Cosette looked up at the old man. "Come back with me."

His face changed, not dangerously, but warily. "Oh?"

"Yes," she said. "You will meet _maman_ and everyone, and we shall have tea and cake."

"I don't think that would be wise. I'm best where I am."

"Yes," Cosette said. "I like where you are, too. But you haven't any cake, and we have. So you shall come over, and meet my mother and Marius, and Monsieur Bahorel who is visiting, and Éponine and Azelma and Gavroche, and Monsieur Pontmercy, whose house it is, and Monsieur Mabeuf, who sometimes comes to visit, and--"

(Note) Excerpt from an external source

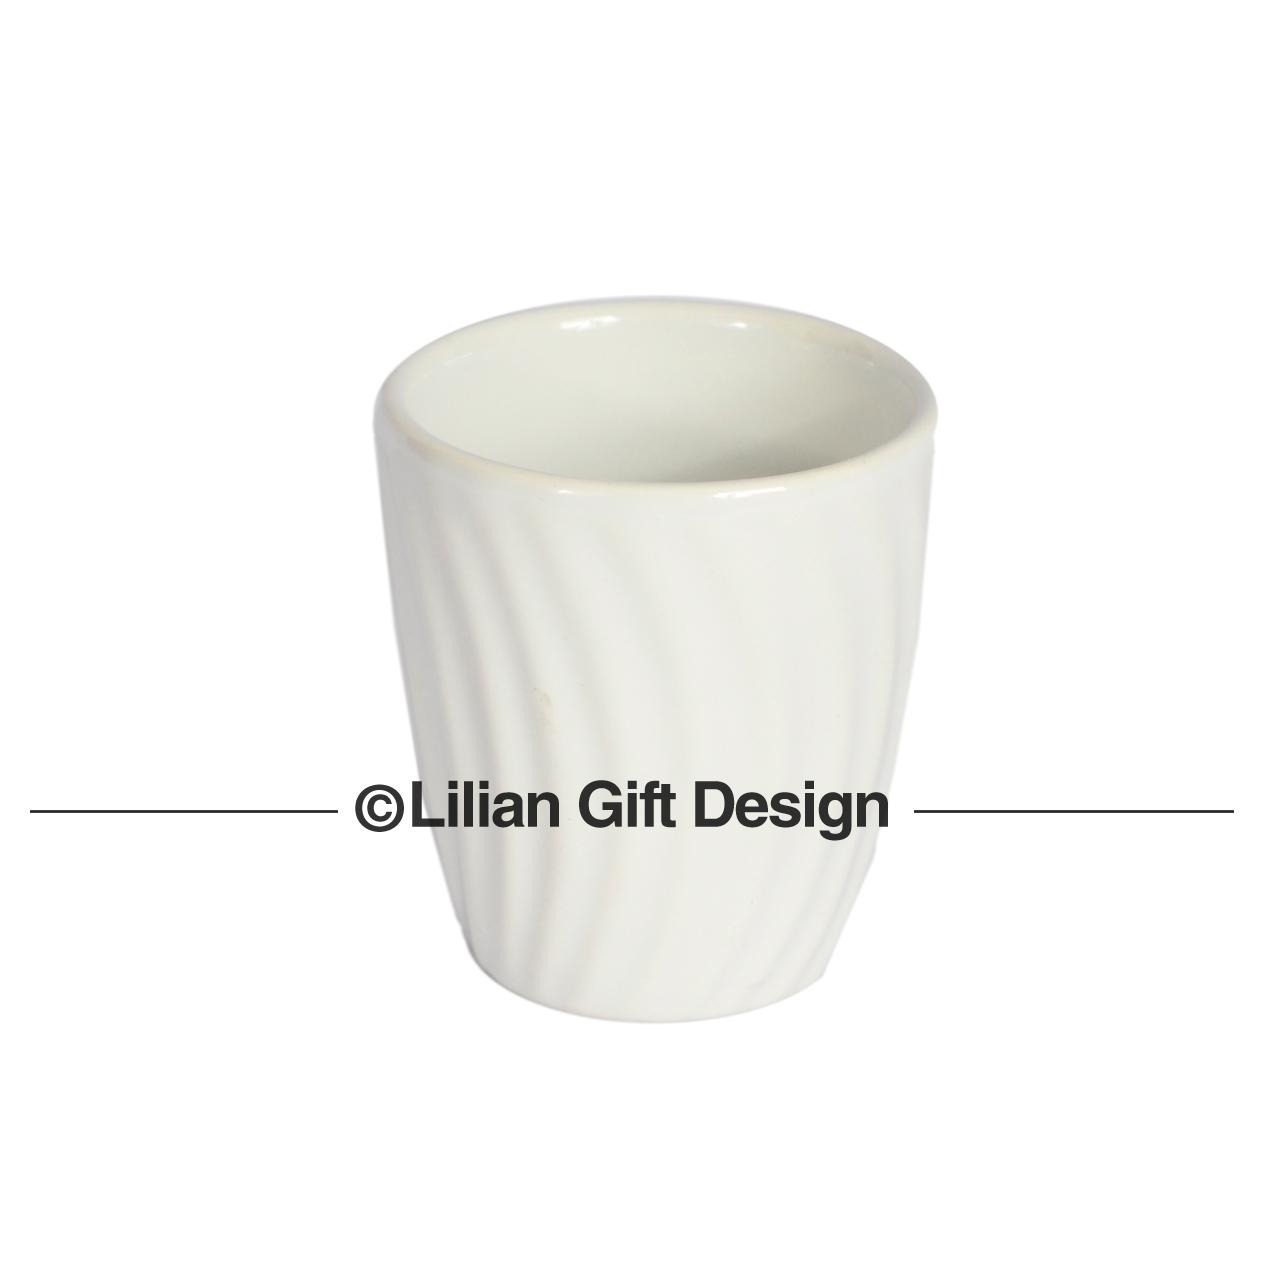 Vaso cerâmica branco 7.5x7cm

"I'm afraid I can't come for tea today."

"We will be back tomorrow."

"Nor tomorrow."

"Then it is settled," Cosette said. "You will come the day after tomorrow, and I shall visit you over the fence until then, so you will not forget you are welcome. I shall tell _maman_ to make sure there is extra cake for you. You must come, for Marius thinks you are a ghost, and I must prove to him you are nothing of the kind. He acts brave, but I think he is really very frightened. Please, do come."

There was a long pause. The bees and dragonflies hummed, and the dappled shadows flickered over them in the slight breeze.

At last, the old man smiled.

"Very well," he said. "I will come to tea."